Practical Use in HPC Planning
Amdahl’s Law is often used to:
1. Estimate Realistic Speedup
Given an estimated serial fraction $f$ and planned processor count $N$, you can estimate your expected speedup:
- Measure or guess $f$ from profiling
- Plug into $S(N) = \dfrac{1}{f + \dfrac{1-f}{N}}$
This helps manage expectations and justify resource requests.
2. Decide Where to Optimize
For maximizing speedup, reducing $f$ is often more impactful than further parallelizing already parallel code.
For example:
- Halving the serial fraction from $f = 0.1$ to $f = 0.05$ raises $S_{\max}$ from $10\times$ to $20\times$.
- Meanwhile, simply doubling $N$ past a certain point might yield only a tiny improvement.
Conclusion: Parallelizing or refactoring the serial bottlenecks can be more beneficial than throwing more hardware at the problem.
3. Choosing a Core Count
Using the law, you can find a rough “sweet spot” where additional cores give only marginal speedup.

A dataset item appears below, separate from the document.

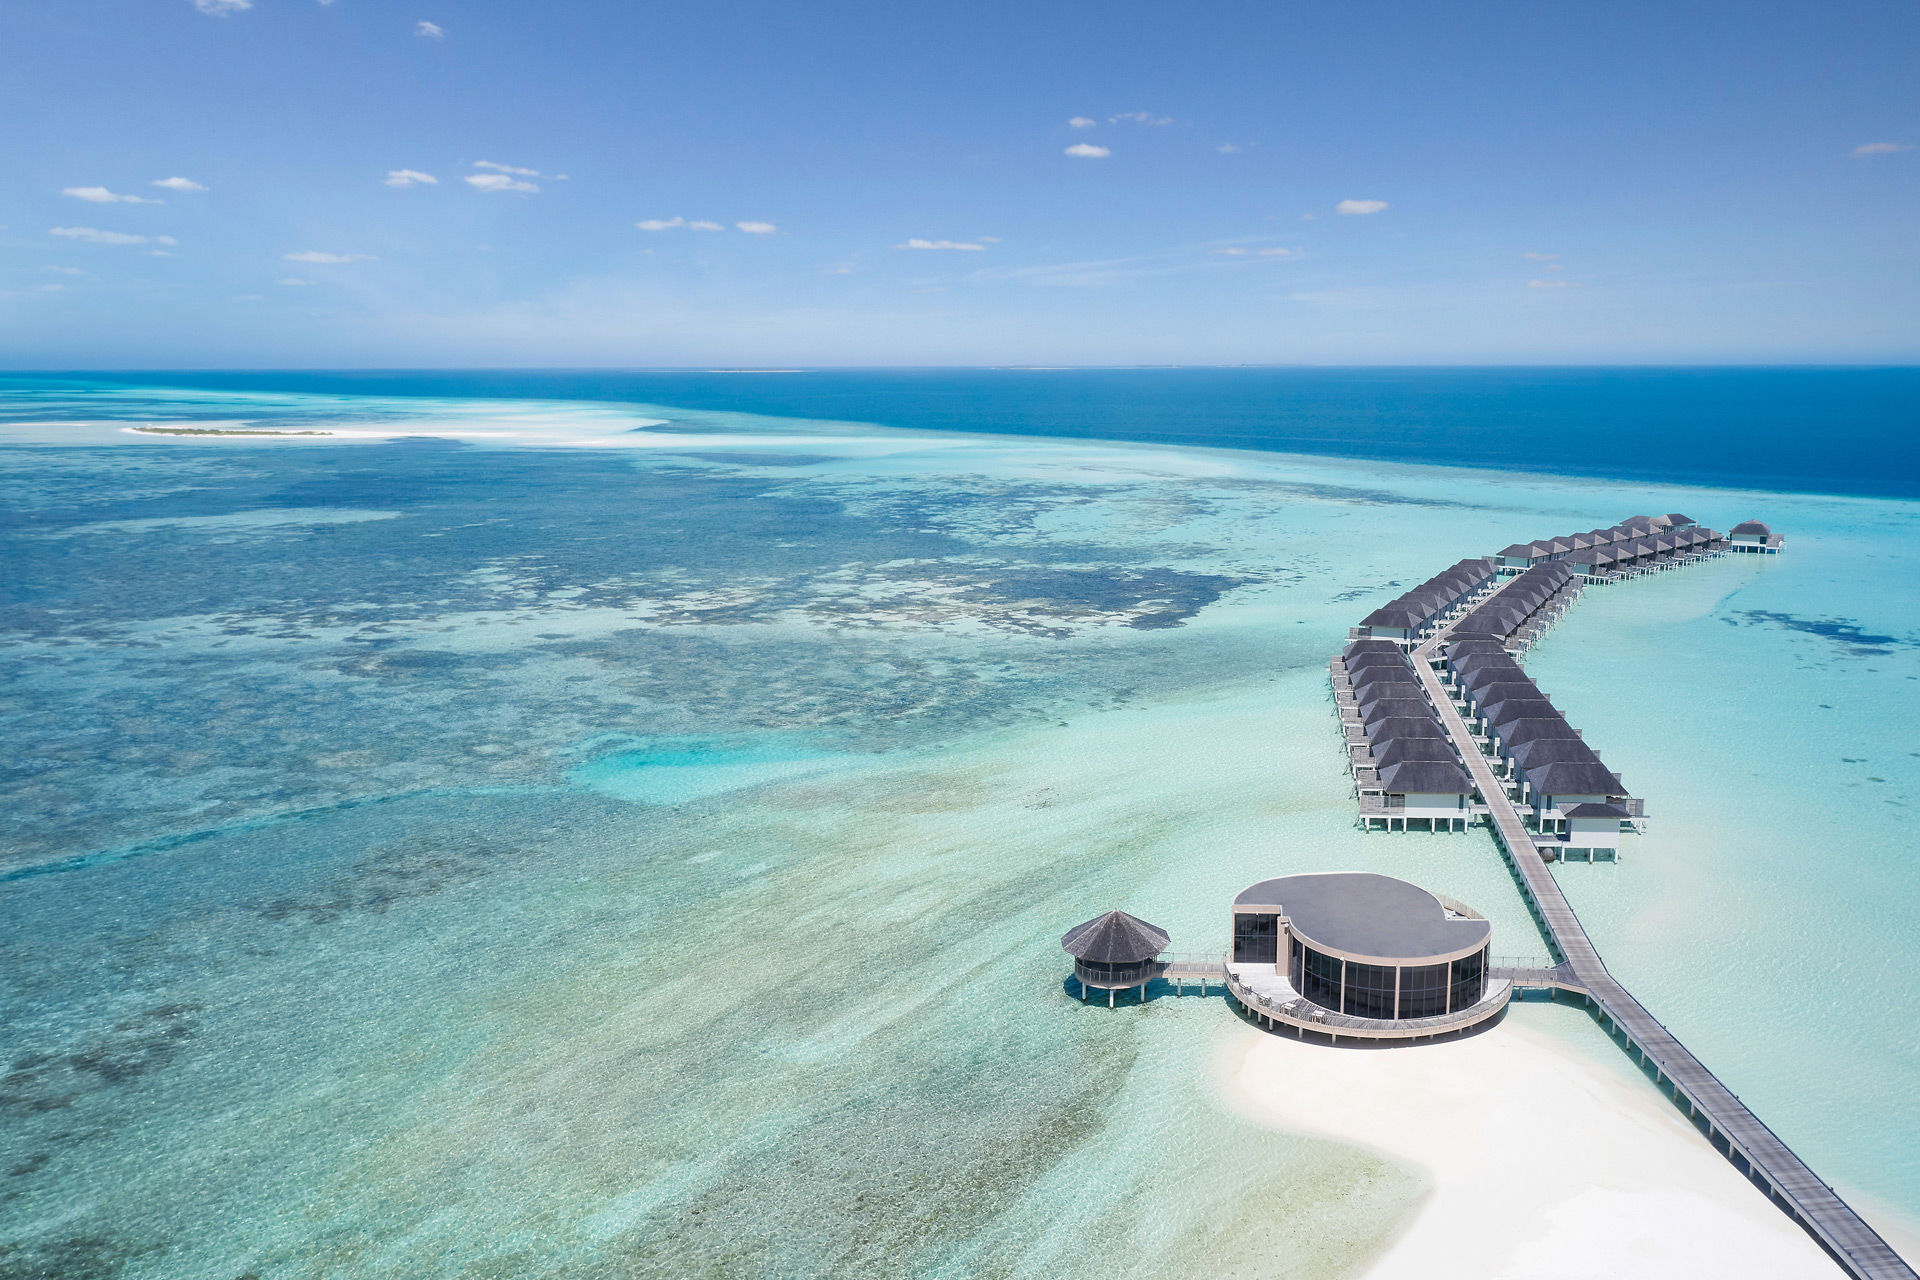 Aerial view of Le Meridien Maldives resort

For instance, you might stop scaling when each doubling of cores yields less than, say, 10% additional speedup. You can compute:
- $S(N)$ and $S(2N)$
- Compare the gain: $\dfrac{S(2N) - S(N)}{S(N)}$
If the relative gain is small, asking for more cores may not be worth the queue time and resource usage.
Extensions and Limitations
Amdahl’s Law provides a best-case picture under simplifying assumptions:
- The parallel part scales perfectly linearly with $N$.
- Parallelization introduces no overhead.
- The problem size is fixed (strong scaling).
In reality:
- Communication, synchronization, and I/O introduce extra overheads.
- Load imbalance and memory contention can increase the effective serial fraction.
- Actual speedup is usually worse than Amdahl’s prediction.
Nevertheless, the law is still extremely useful as:
- A conceptual model of the scaling limit
- A quick back-of-the-envelope tool for reasoning about performance
(Weak scaling and more optimistic scaling under growing problem sizes are treated using Gustafson’s Law in a separate chapter.)
Key Takeaways
- Amdahl’s Law describes the maximum speedup possible for a fixed-sized problem when only a fraction of the code can be parallelized.
- The serial fraction $f$ limits speedup: maximum speedup is $1/f$ regardless of processor count.
- Even small serial portions (e.g., 5–10%) can severely limit scalability on large core counts.
- The law highlights diminishing returns with increasing processor count and underscores the importance of reducing serial bottlenecks.
- In HPC practice, Amdahl’s Law guides decisions about parallelization effort, core counts, and realistic performance expectations.